The generated file is a standard Lakeflow Declarative Pipelines script. The
``${catalog}`` and ``${bronze_schema}`` tokens are resolved against
``substitutions/dev.yaml``.

Step 7 — Run it in Databricks
-----------------------------

You have two ways to run the generated code:

**Bundle deploy.** Because ``lhp init`` enabled DAB by default, your project
already has a ``databricks.yml`` and matching resource definitions under
``resources/lhp/``. From the project root, deploy with the Databricks CLI:

.. code-block:: bash

   databricks bundle deploy --target dev
   databricks bundle run tpch_sample_ingestion --target dev

**Manual.** Sync the ``generated/`` folder to your workspace (via Repos or the
Databricks CLI), create a Lakeflow Declarative Pipeline in the UI, and point
its source field at ``generated/tpch_sample_ingestion``.

.. tip::

   Re-run ``lhp generate --env dev`` whenever you change a FlowGroup to refresh
   the generated Python.

Next steps
----------

You now have a working first pipeline.
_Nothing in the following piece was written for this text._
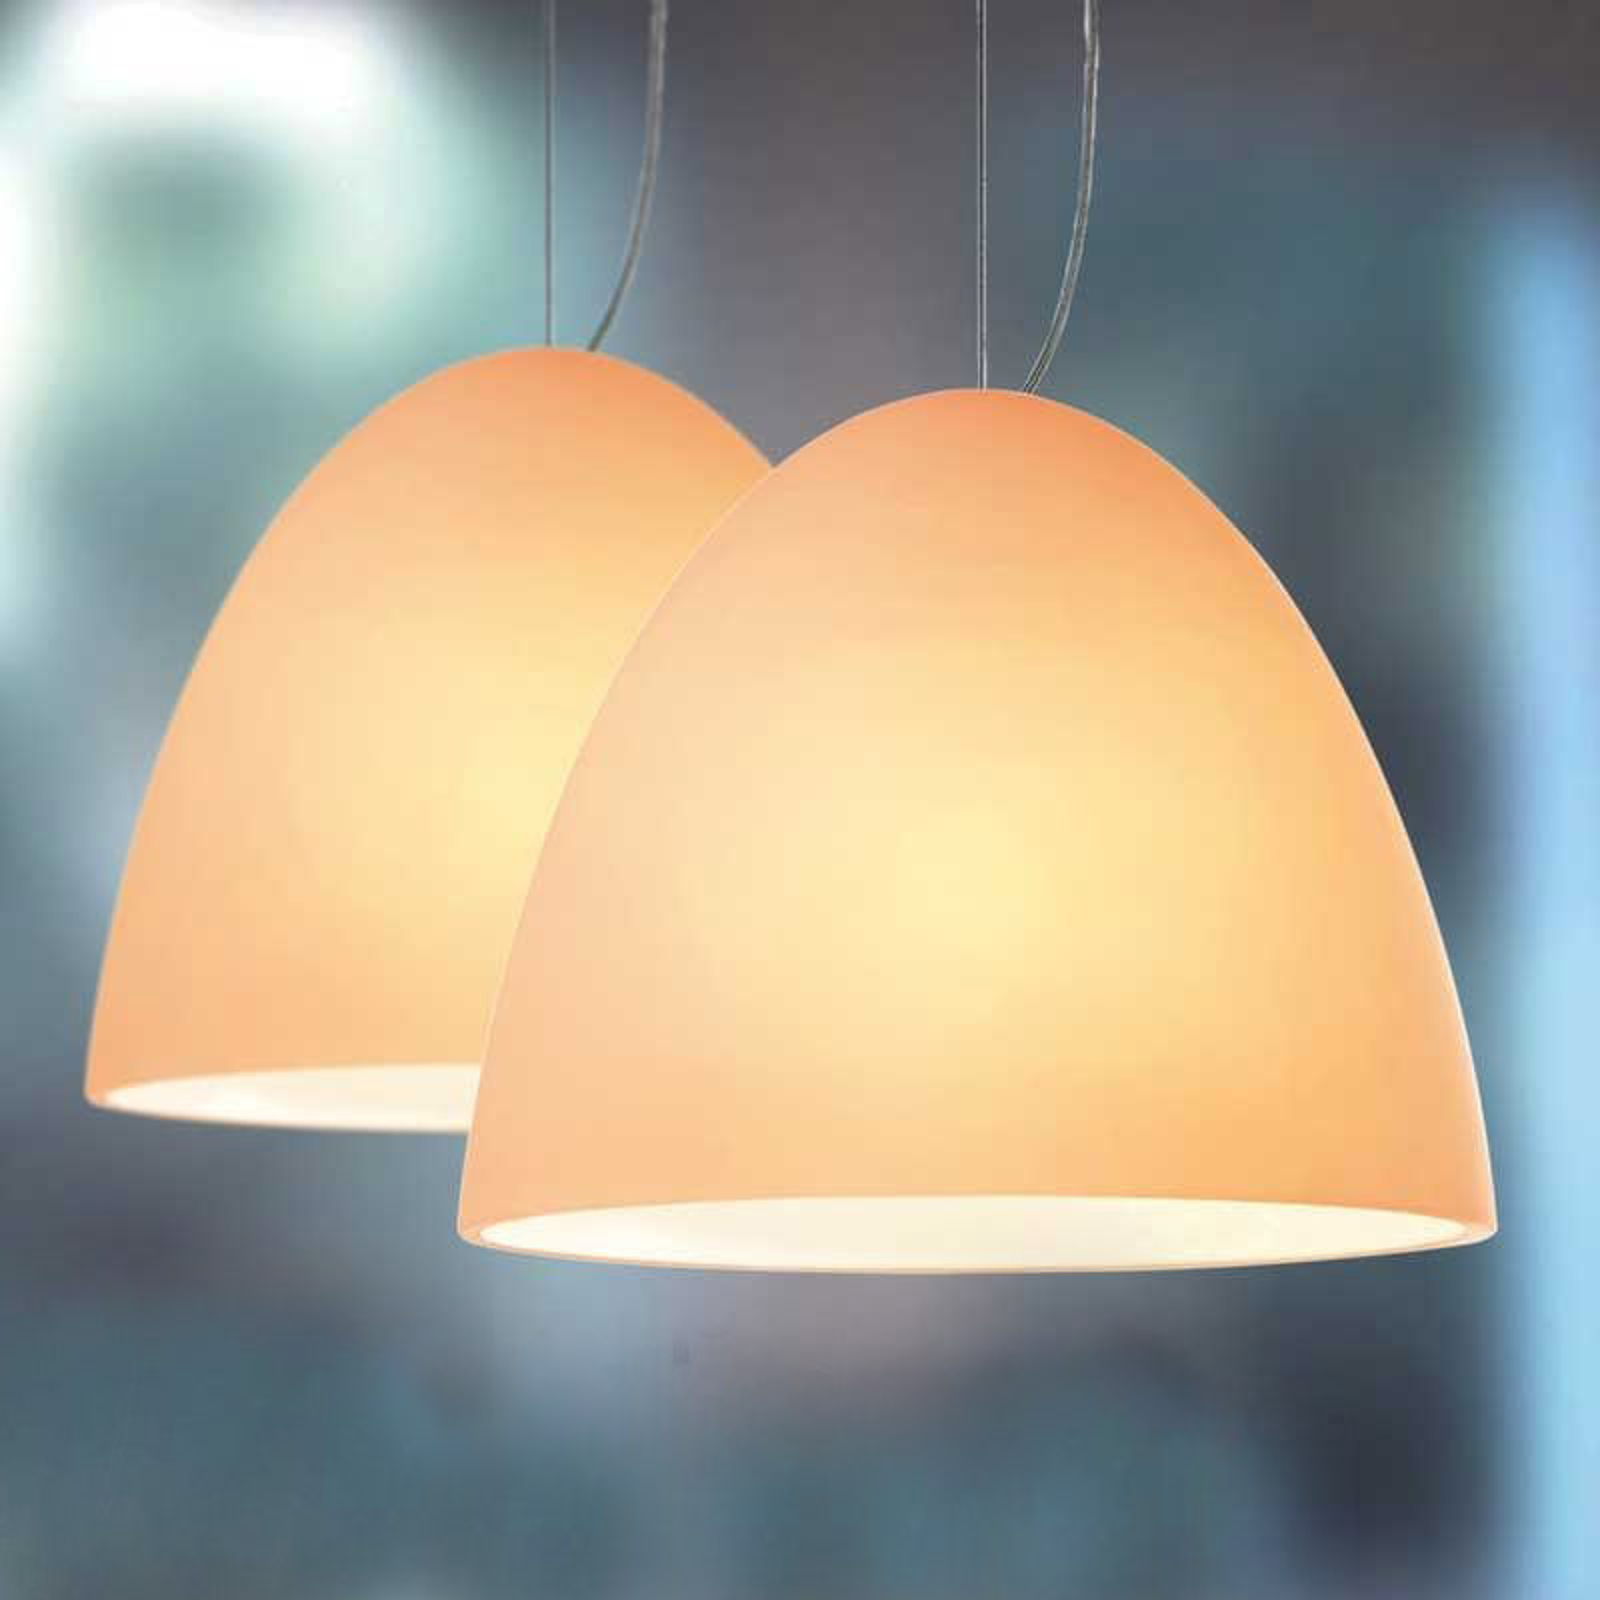 Lampa wisząca BELL 21cm 2-punktowa piaskowa
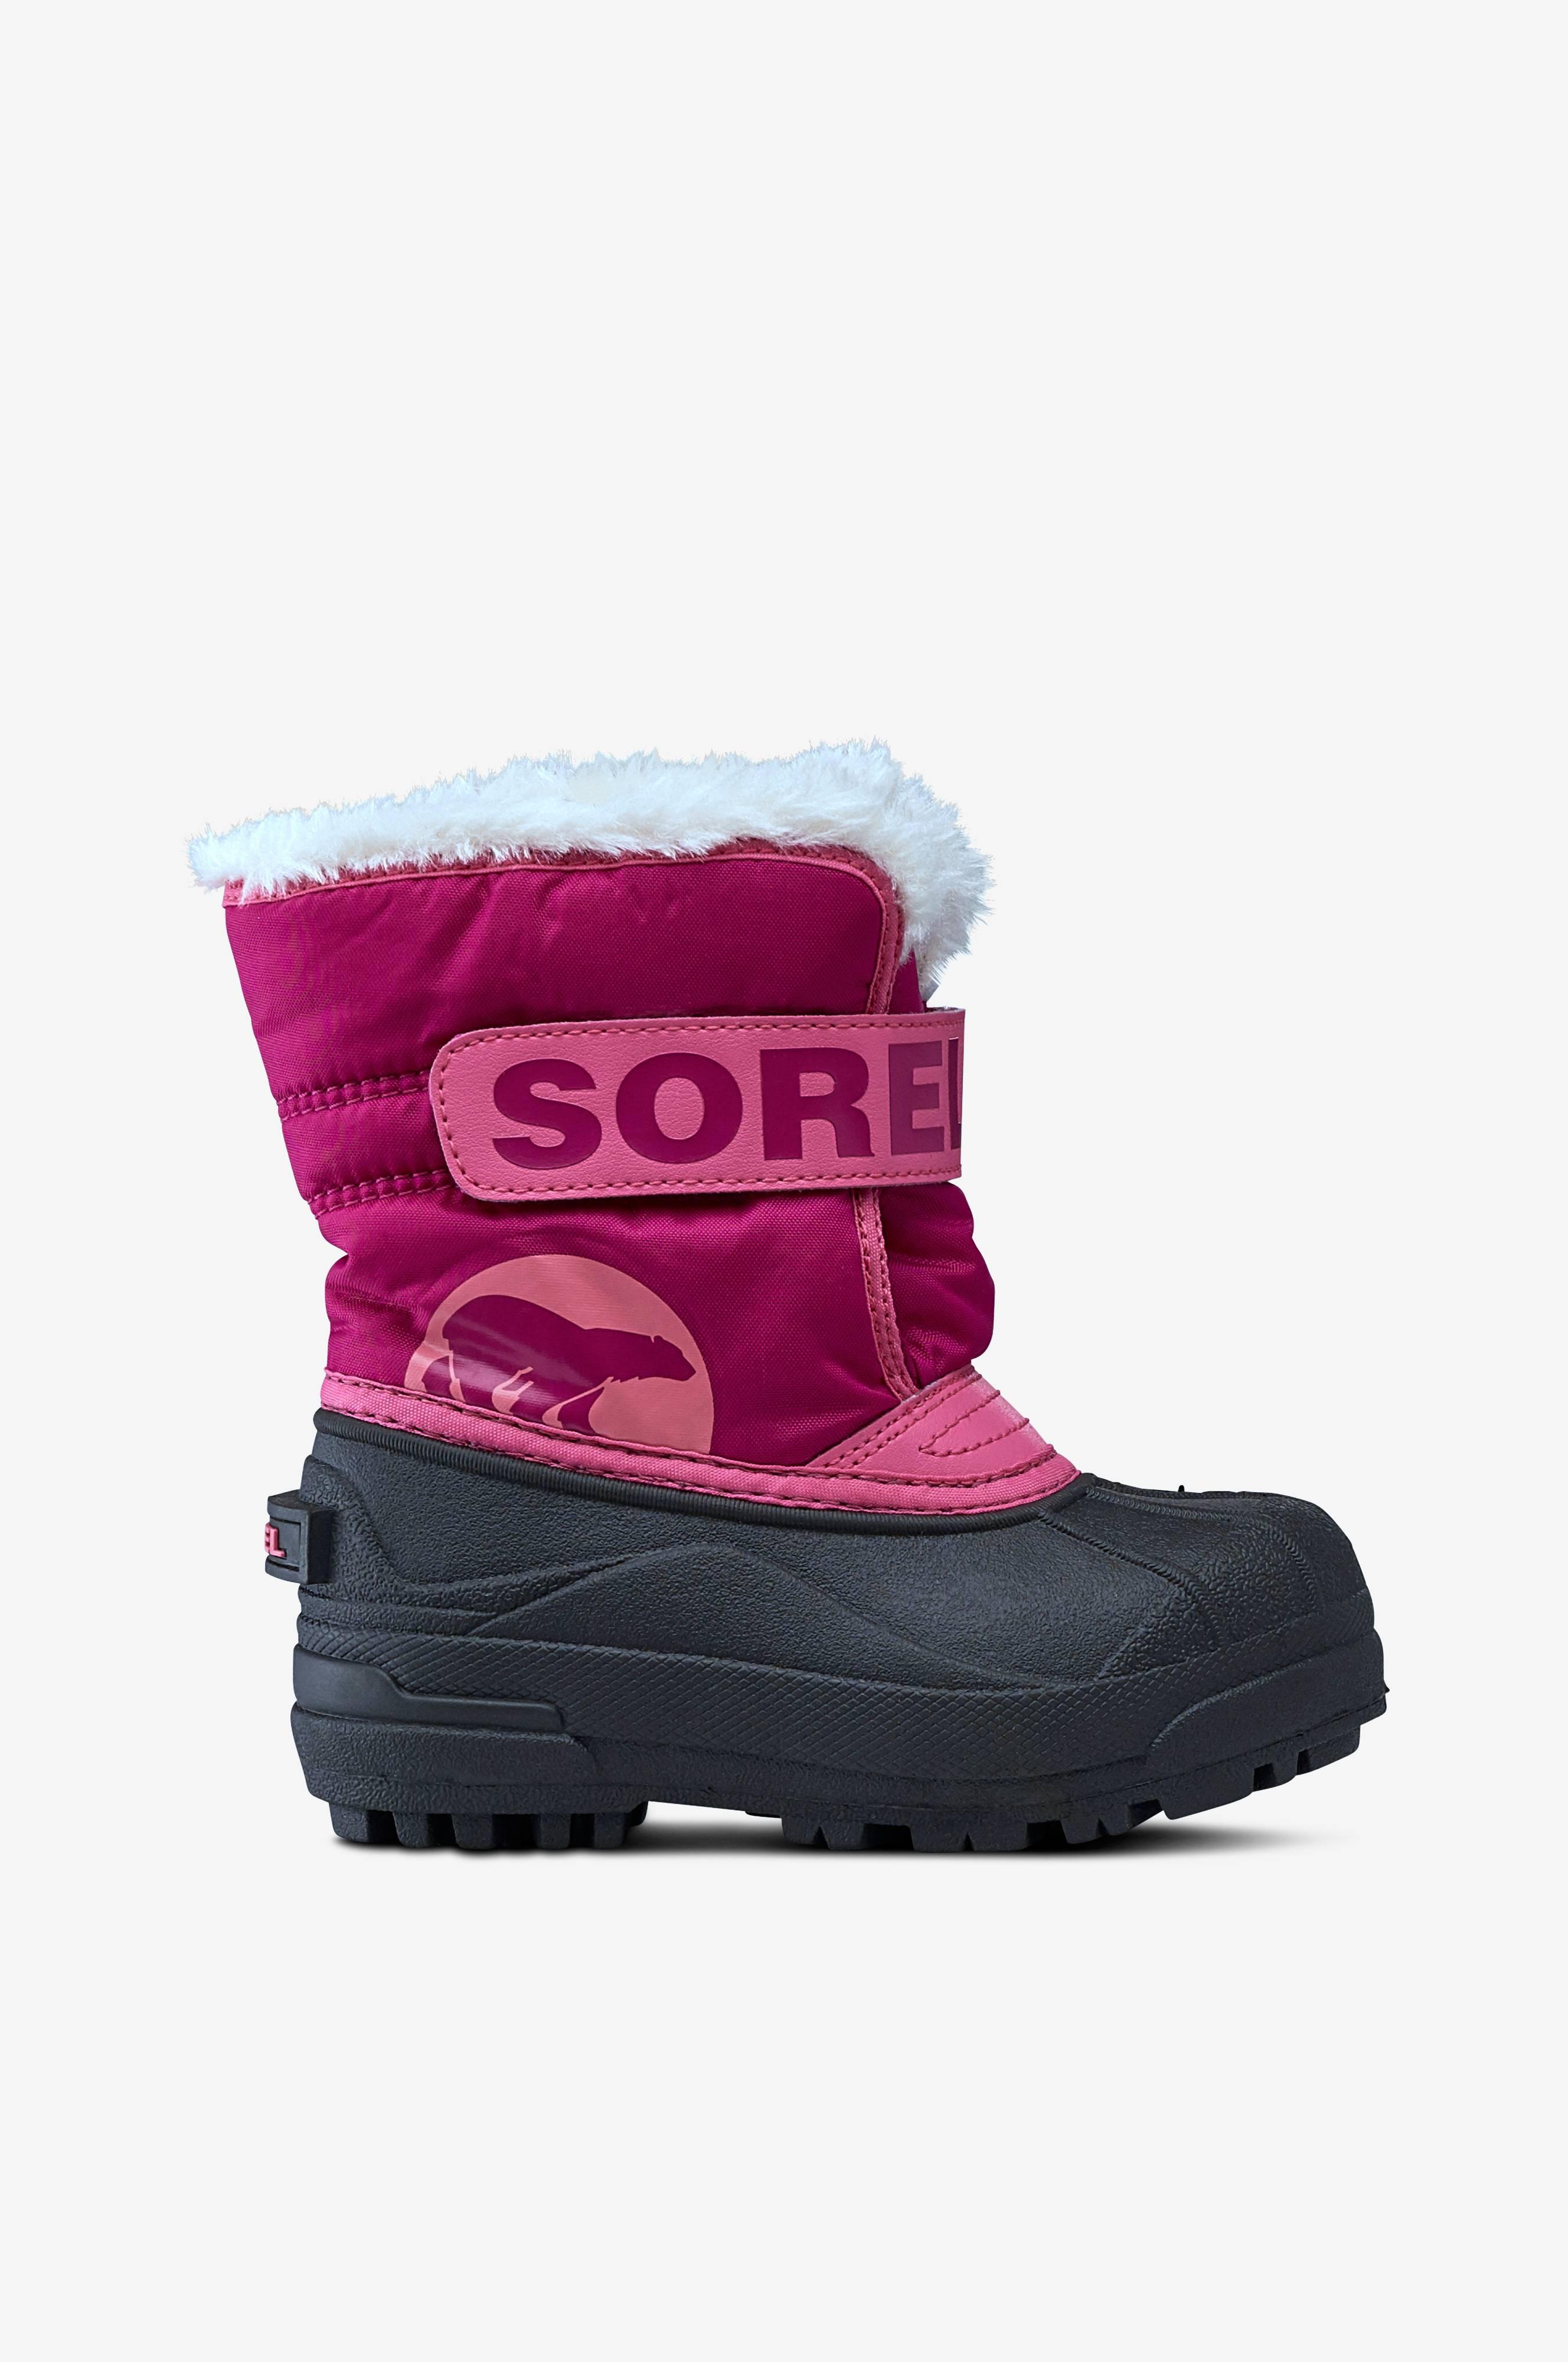 Sorel Snow Commander talvikengät - Roosa - Lapset - Ellos.fi ab77d8d1e7

To go further, see :doc:`how_to_index`
for task-shaped recipes — adding transforms, ingesting with Auto Loader,
attaching data-quality expectations, layering presets, and deploying bundles
across environments. To understand how the YAML maps to generated Python and
why LHP designs FlowGroups and Actions this way, read :doc:`architecture`.